I’m mortified by the insidious way my suffering has contaminated our home. It’s been just one week since my crash, and already apprehension hangs in the air, sadness frames every doorway, stress creeps into each room. I blame myself for dragging my family down, leading them to the edge of this dark hole—the portal to my depression. Where they watch me picking at my food, searching for my snapshot and Lucky One liberation. And where I watch them carry on.
Since I am out of commission, Bergen launches into rescue mode—taking care of everything and everyone but himself. My heart sinks as I catch glimpses of him rushing from room to room, up and down the stairs, in and out of the house. He’s like a whirling dervish, spinning from chore to chore. Cooking meals. Washing laundry. Buying groceries. Walking Nellie. Cleaning the house. Helping Naomi. Saving me—or whoever I am now. I’m certainly not the wife I once was. Or the mother. The guilt is excruciating. I can barely make eye contact with Naomi. The poor kid. It’s tough enough being thirteen and trying to fit in at high school while keeping her grades up. Now, in addition to all that, she has to endure living under the same roof with a catatonic Cry Lady and a frantic father who won’t allow her to escape this nightmare and go live at a friend’s house. Even though she has several invitations and her suitcase is packed.

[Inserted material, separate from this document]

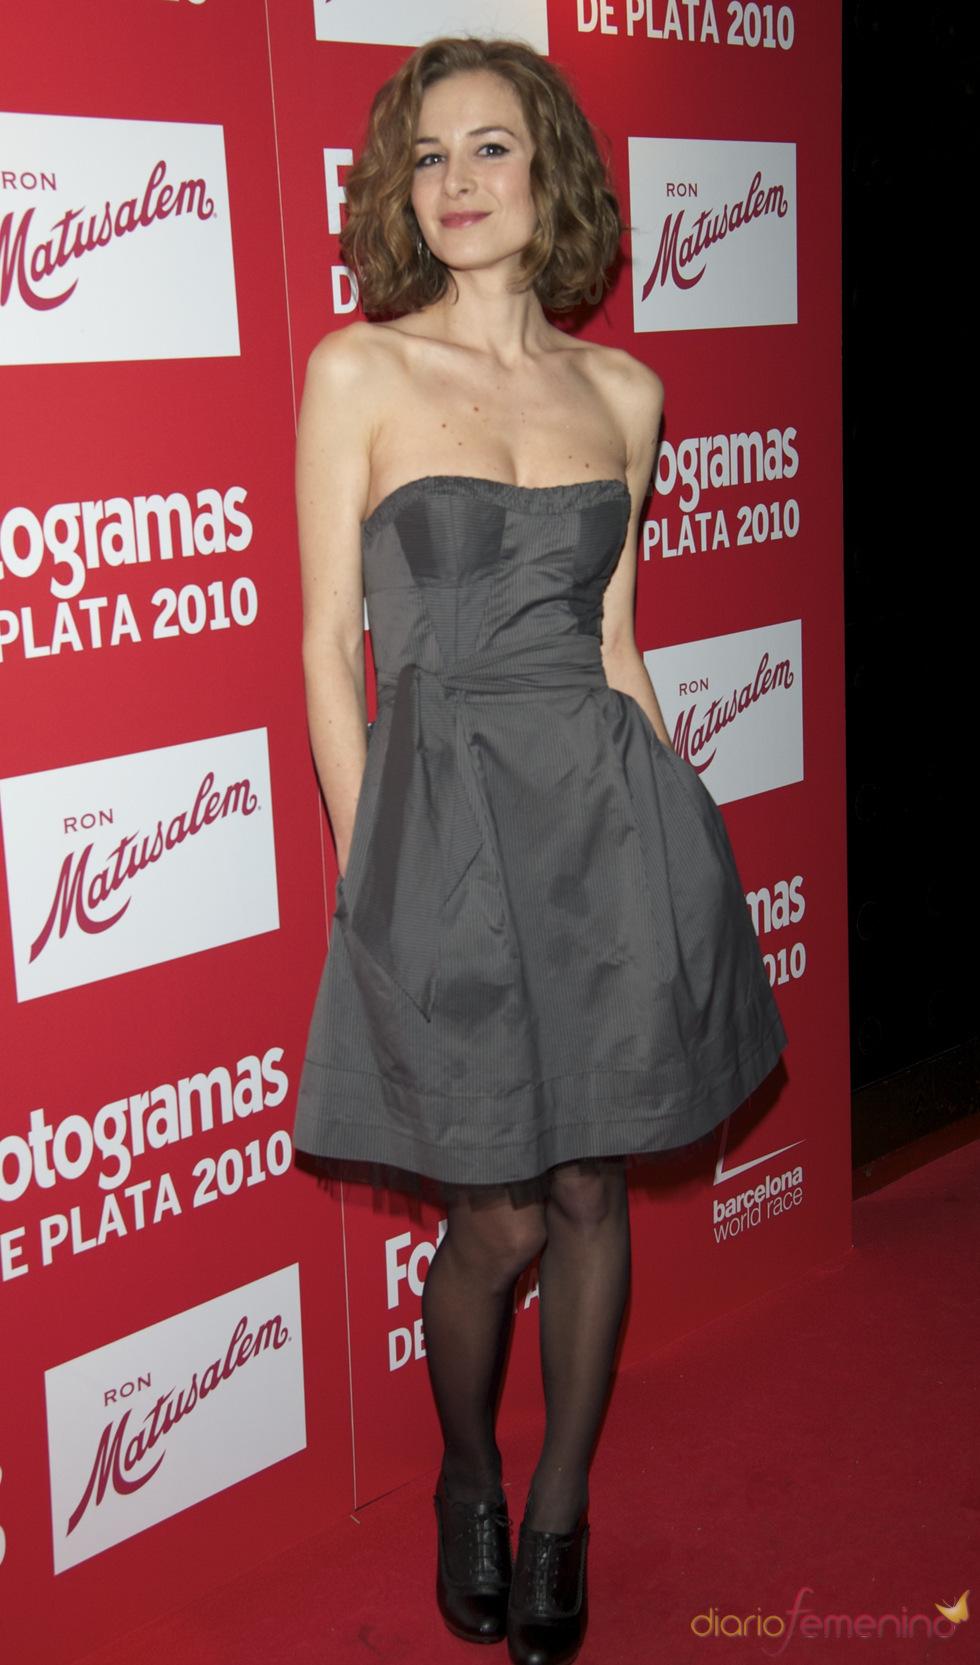 Merce Llorens en los Premios Fotogramas de Plata 2010

I CONFESS: I’m one of those people who write lists. All types, from the classic to-do list to the clandestine ex-lovers list. And no matter how mundane or insane they seem, these inventories are useful devices. They help keep the fridge stocked, the house clean, the dreams wet, the bills paid. And I’m hoping that this list I’m about to write will help me make it through this bleak September day.
It’s titled “One Hundred Reasons Not to Kill Myself.” It’s one of the many therapeutic exercises in this self-help book I’m reading. I’ve never written a list like this before. But I’m willing to give it a try, even if it means tossing out the other list I’ve been secretly compiling. The one called “Bergen’s New and Improved Wife.” Already I’ve jotted down the names of several potential candidates to replace me when I’m gone. These women are all wonderful—I wouldn’t care which one he chooses. The only thing I really care about is that Bergen find happiness in the arms of another woman—preferably someone with two swinging arms.
Turning my attention to this new list, I pick a fresh page in my journal so that there’s plenty of space to jot down my one hundred reasons to stick around. I write the title at the top, numbers down the side, and begin. Within minutes, I sense the futility of compiling this list—I am, after all, feeling listless. Within an hour, I know I am not only depressed but am also demented. No matter how hard I concentrate, the same solitary reason keeps popping into my head. And it isn’t profound or practical or religious or romantic—it isn’t even hygienic. Reluctantly, I scribble it down: “Nellie licking my feet.”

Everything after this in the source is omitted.